In precedenza avevate valutato la possibilità di dismettere la partecipazione bancaria per investire altrove?

Questa ipotesi è stata anche presa in considerazione, ma oggi non è all’ordine del giorno. Potremmo magari vendere la partecipazione ad un prezzo vantaggioso, ma a quel punto non potremmo più svolgere l’essenziale ruolo di controllo sulla Cassa. Abbiamo il dovere di difendere Orvieto.

Un altro fronte critico sono i dividendi che percepite dalla vostra partecipazione nella Cassa.

In realtà questo è il quarto anno che la fondazione non percepirà alcun dividendo. Il 2018 è stato l’anno peggiore di tutti e quest’anno la fondazione chiuderà in perdita. Per fortuna possiamo contare su un fondo di stabilizzazione che ci consentirà di erogare anche quest’anno contributi per mezzo milione di euro; cifre molto lontane da quelle degli anni d’oro quando si arriva anche ad un milione e mezzo.

Nel corso dell’ultimo periodo sono stati apportati anche drastici cambiamenti al regolamento per la concessione delle erogazioni

Si, siamo intervenuti in maniera molto decisa. Con il nuovo regolamento, le associazioni che chiedono contributi devono essere costituite da almeno due anni ed inoltre valutiamo anche il rapporto tra i finanziamenti che gli organizzatori mettono a disposizione per organizzare iniziativa di vario genere tra quelle che noi istituzionalmente siamo chiamati a sostenere e la parte di intervento economico che ci viene richiesta.

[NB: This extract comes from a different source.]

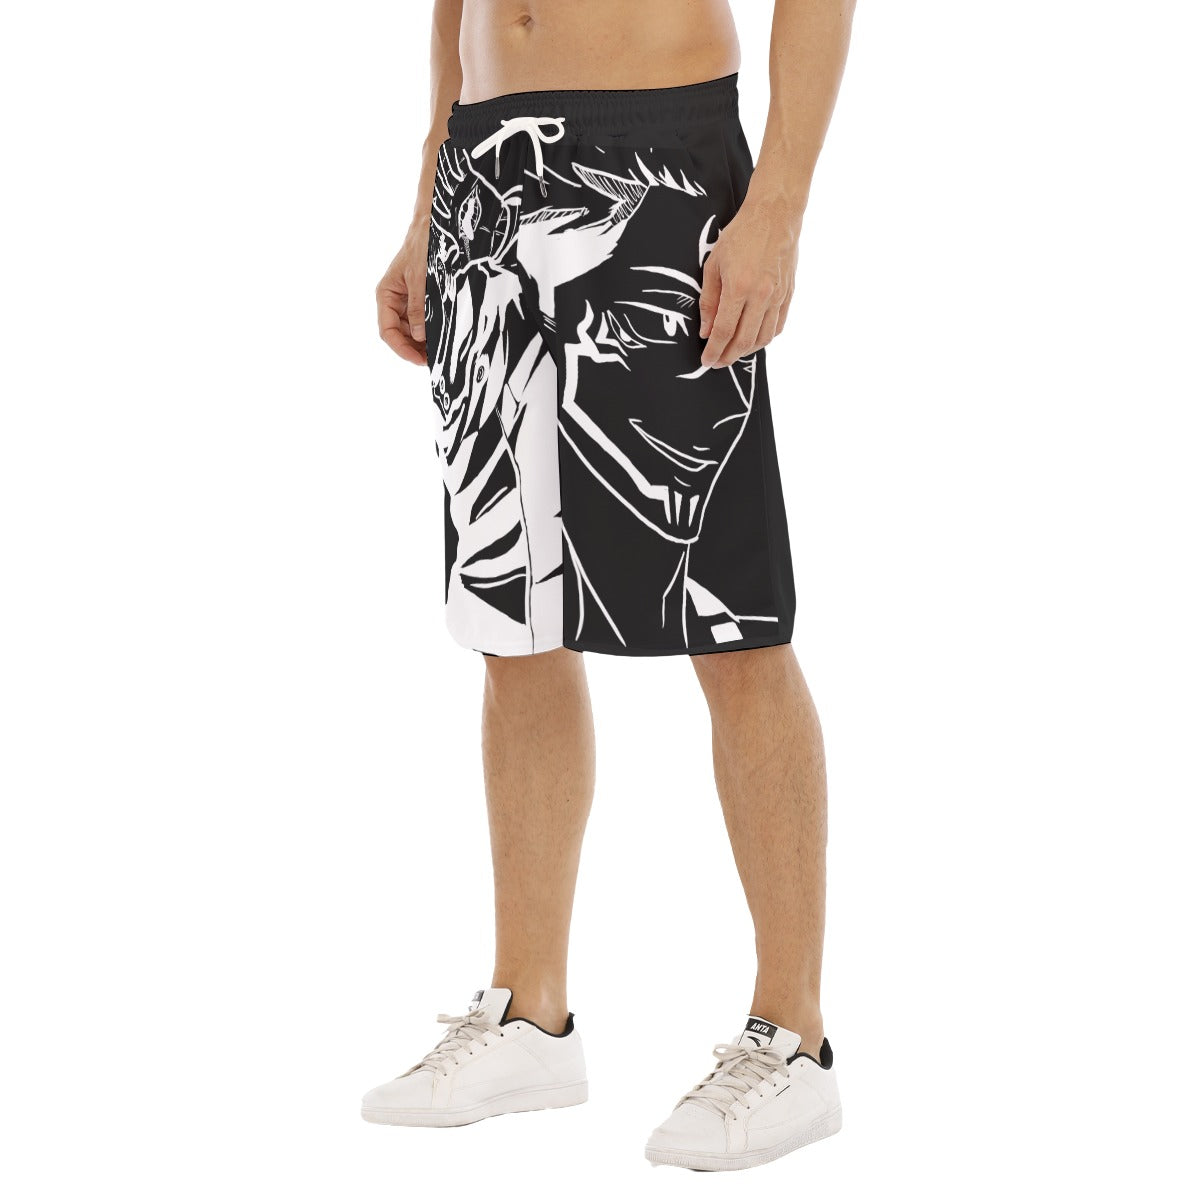 "CURSED KING VESSEL" Tether Loose Shorts

Si possono presentare situazioni in cui alla fondazione viene chiesto 90 mentre il promotore ci mette 10; a quel punto è lecito chiedersi a chi appartenga l’evento che si vuole promuovere. Un altro parametro che teniamo in grande considerazione è l’effetto positivo che certi eventi possono produrre nell’interesse generale e la cui valutazione non è sempre presente da parte degli organizzatori. Più in generale, lo sforzo che stiamo facendo è quello di aprire la fondazione Cro alla città, per superare quella barriera di mancata conoscenza e a volte apertamente di diffidenza che si è spesso respirata.  La fondazione appartiene alla città e questa consapevolezza deve essere recuperata.

La fondazione dispone anche di un proprio capitale investito, a quanto ammonta?

Abbiamo un capitale che il consiglio d’amministrazione ha recentemente deciso di investire in titoli obbligazionari ed azionari dopo aver cambiato il gestore del nostro portafogli. Complessivamente si tratta di circa 45 milioni di euro. Tengo a sottolineare che abbiamo affrontato un periodo di grande difficoltà. In fondazione abbiamo proceduto ad una riduzione degli stipendi dei dipendenti e dei compensi degli amministratori del 30 %. Abbiamo praticamente azzerato tutte le iniziative che erano state intraprese nel passato e, dal 2016 al 2018, abbiamo operato risparmi sotto forma di tagli ai costi per circa 400 mila euro.